Sedangkan menurut Pangeran Arya Cirebon dalam tulisannya Carita Purwaka Caruban Nagari (1720), orang pertama kali yang beragama Islam ialah Syeikh Qura atau Syeikh Hasanuddin. Syeikh Qura dapat tinggal di Karawang dan menjadi guru Islam berkat bantuan dari Ki Jumajanjati, seorang penguasa pelabuhan Muhara Djati. Ki Jumajanjati merupakan orang yang sangat tertarik dengan Islam. Ia menitipkan anaknya, Nyi Subang Larang, kepada Syeikh Qura untuk diajarkan agama Islam.
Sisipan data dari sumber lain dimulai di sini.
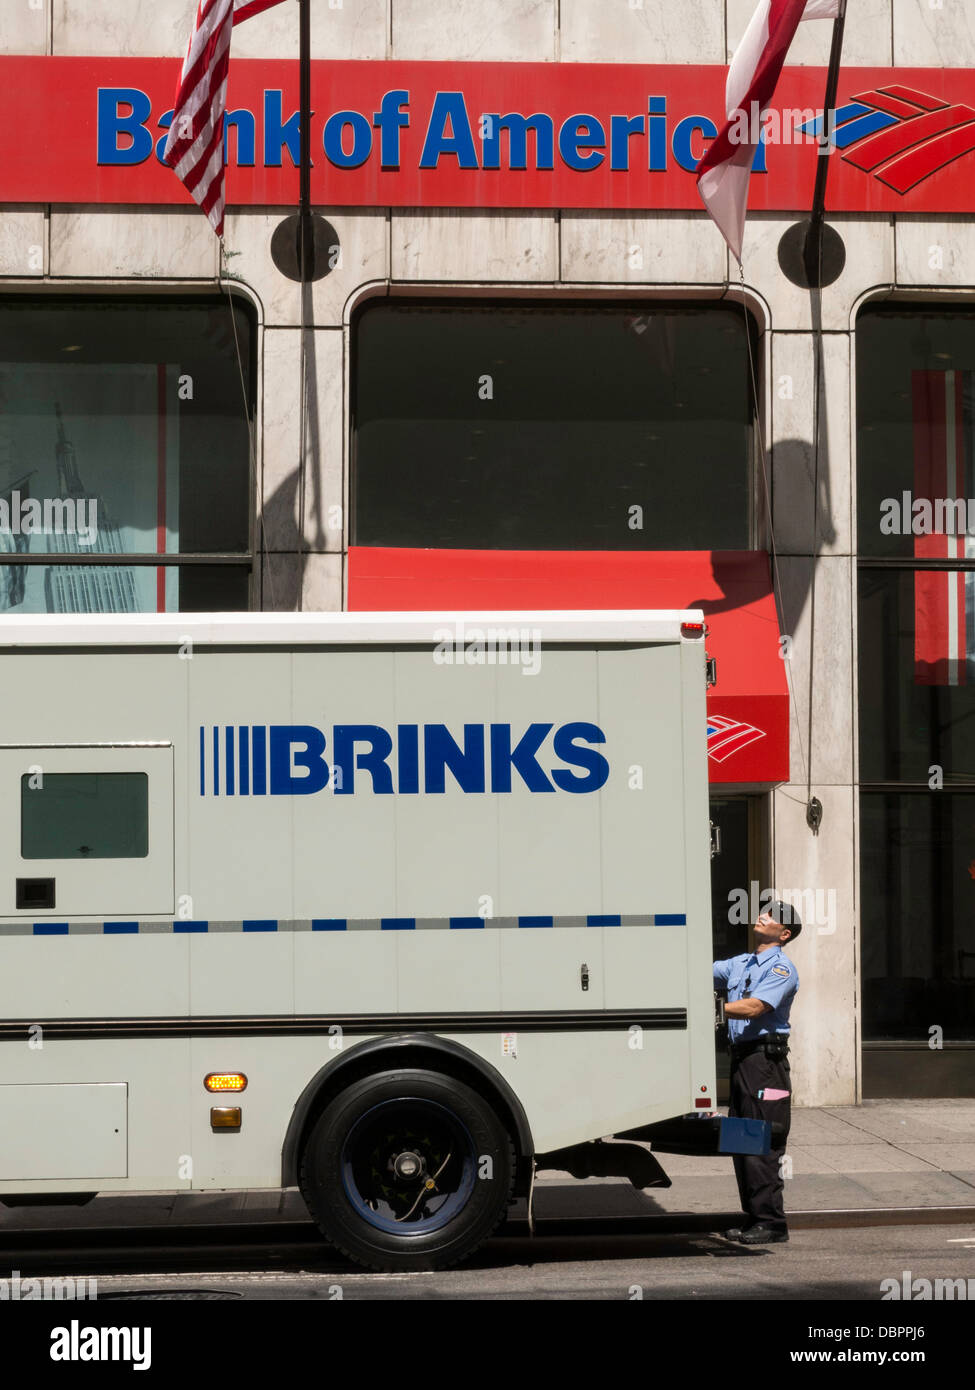 Nearest Security Service Bank
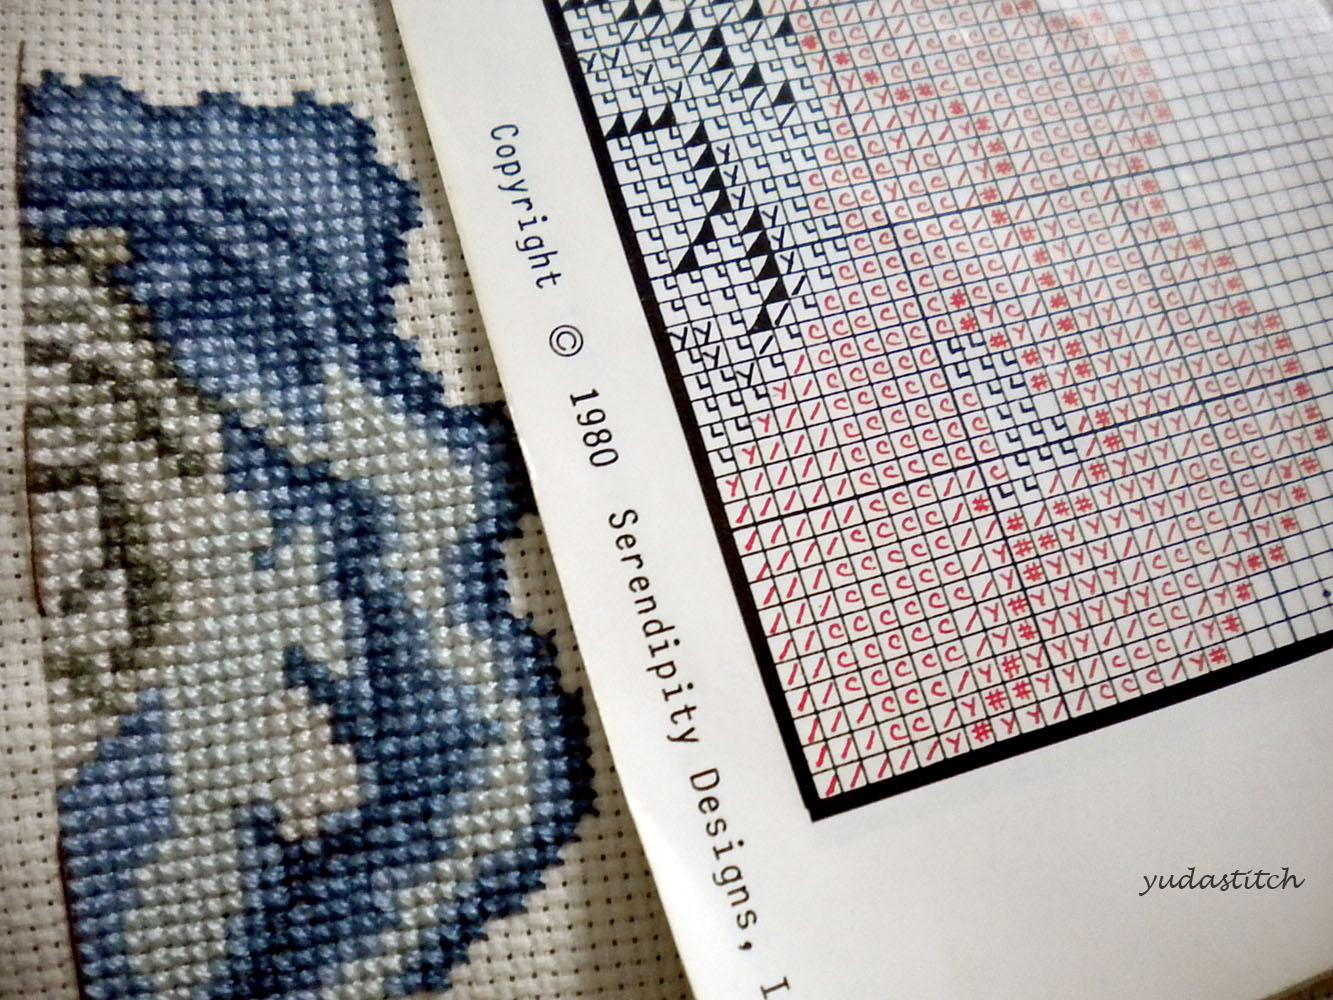 yuda stitch
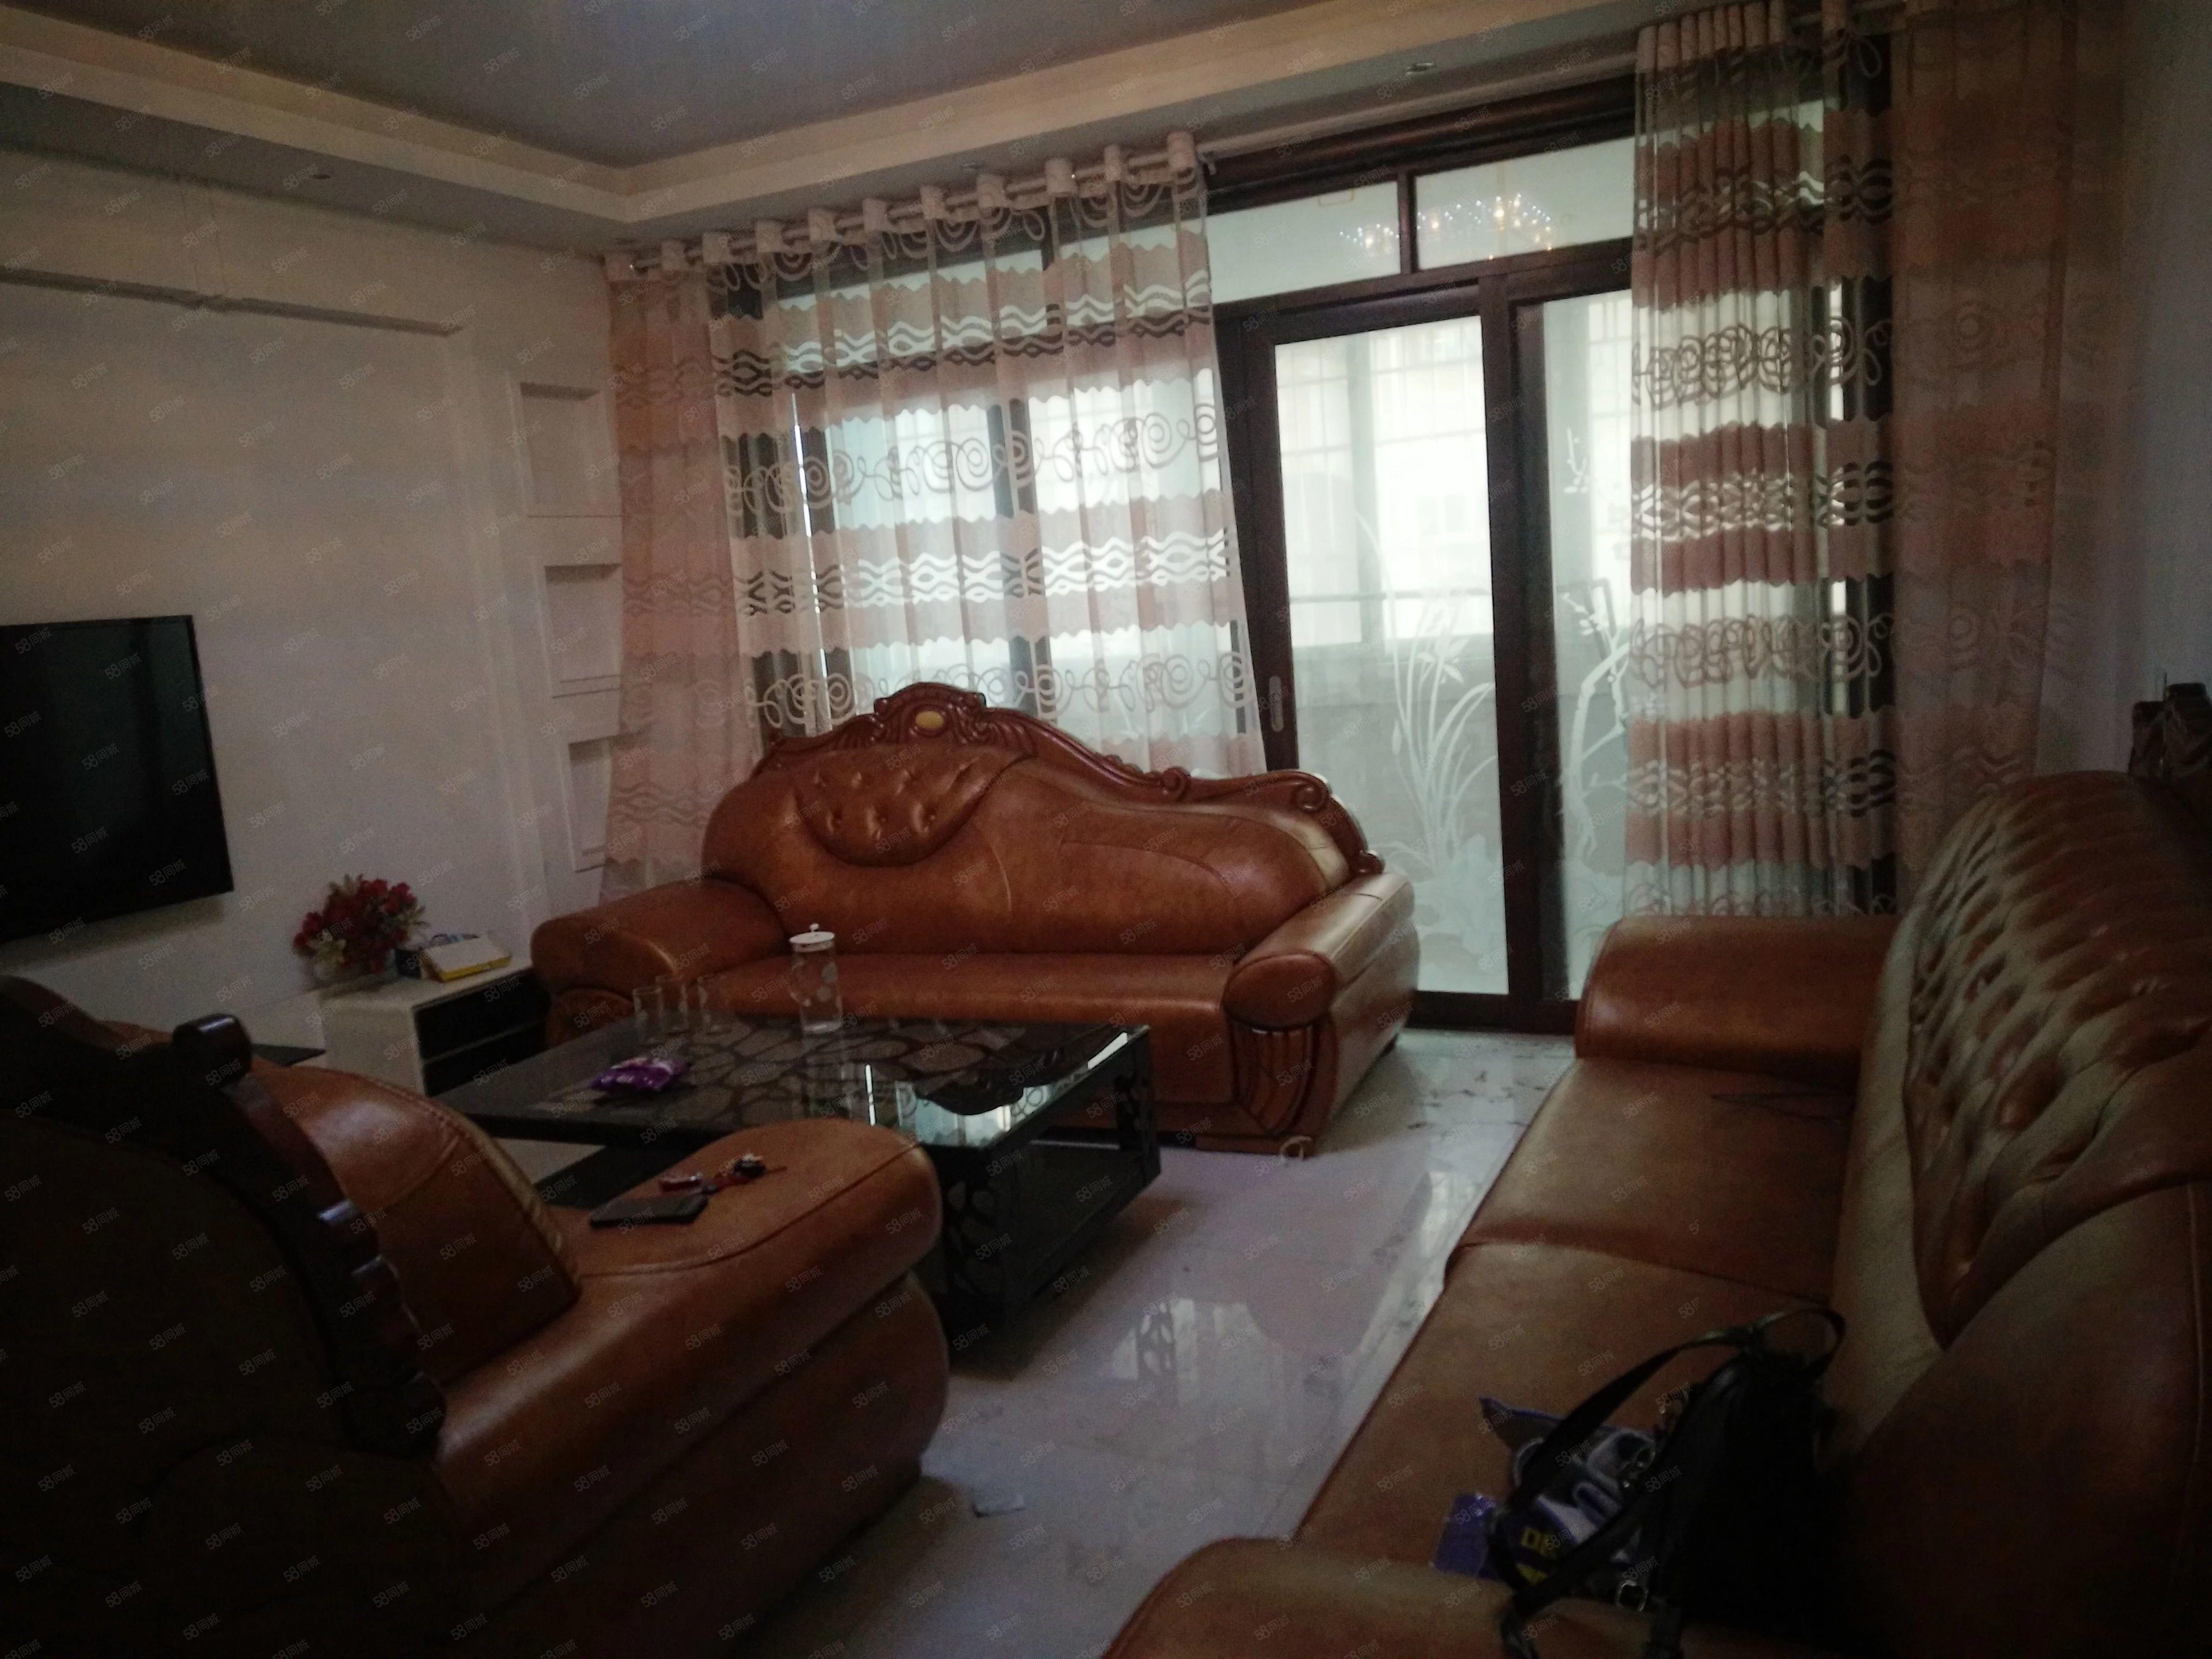 标准大三室两厅两卫拎包入住环境优美很适合居住比较安静
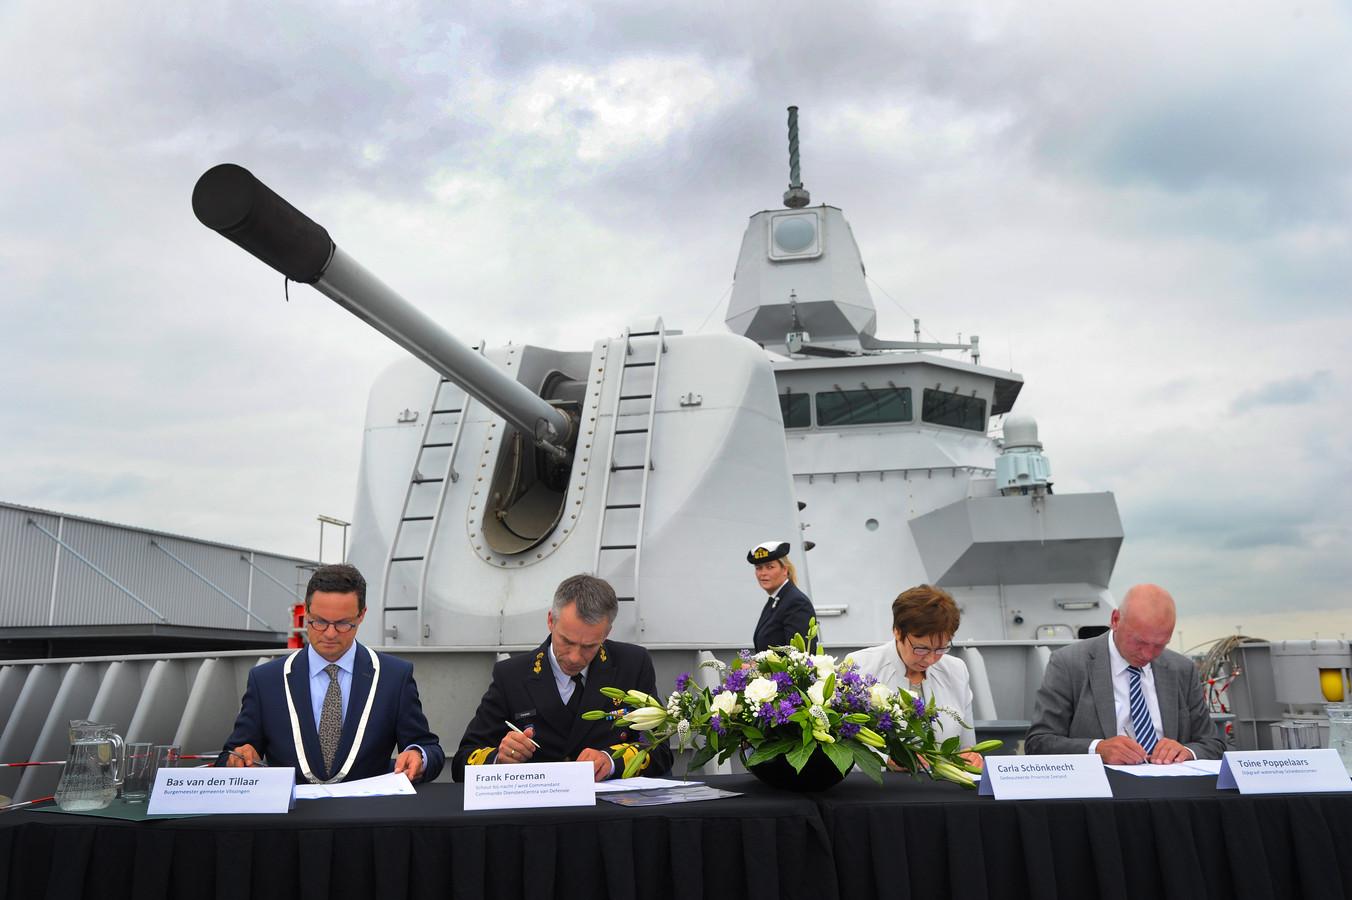 De ondertekening, in 2016, van de laatste overeenkomst voor de komst van de marinierskazerne naar Vlissingen.

Nyi Subang Larang sendiri kelak menjadi permaisuri Prabu Siliwangi, Raja Pajajaran. Nyi Subang Larang juga merupakan ibu dari Walungsungsang, salah satu penyebar Islam yang terkenal.
.
Setelah Syeikh Qura, munculah beberapa nama guru lainnya seperti: Syekh Nuruljati, Syeikh Datuk Kahfi, atau Syekh Idhopi. Mereka semua datang dari Arab. Sedangkan orang pertama yang mengislamkan penduduk kota pelabuhan Banten ialah Syekh Rakhmat atau Sunan Ngampel (masih menurut Pangeran Arya Cirebon).
.
Pangeran Arya Cirebon juga berpendapat bahwa sebelum Syeikh Qura datang di pelabuhan Jumajanjati (sekitar Gunung Djati sekarang), ada saudagar-saudagar muslim yang berasal dari Arab, India, Pasai, Malaka, dan Palembang datang ke Jawa Barat. Jika ini benar, maka orang yang beragama Islam yang pertama kali di Jawa Barat bukanlah Syeikh Qura. Sumber yang menyangkut hal ini adalah sebagaimana adanya berita Cina bahwa ada orang Tache (sebutan untuk orang Arab) yang datang ke Kerajaan Holing atas perintah dari Ratu Si-Mo pada abad ke-7 Masehi. Orang Arab itu diidentikan beragama Islam. Berdasarkan rute perjalanannya, ada kemungkinan orang Arab tersebut singgah di Jawa, termasuk Jawa Barat. Bukti lainnya ialah dengan ditemukannya kuburan seseorang yang beragama Islam yang bernama Fatimah binti Maimun di Gresik, Jawa Timur. Fatimah meninggal pada abad ke-11. Artinya pada tahun 1000-an ada seorang muslim atau keluarga muslim yang tinggal di Jawa. Empat ratus tahun lebih awal dari kedatangan Syeikh Qura. Dan juga ditemukan sejumlah kuburan Islam lainnya di Jawa Timur. Rata-rata kematian mereka adalah pada abad ke-14.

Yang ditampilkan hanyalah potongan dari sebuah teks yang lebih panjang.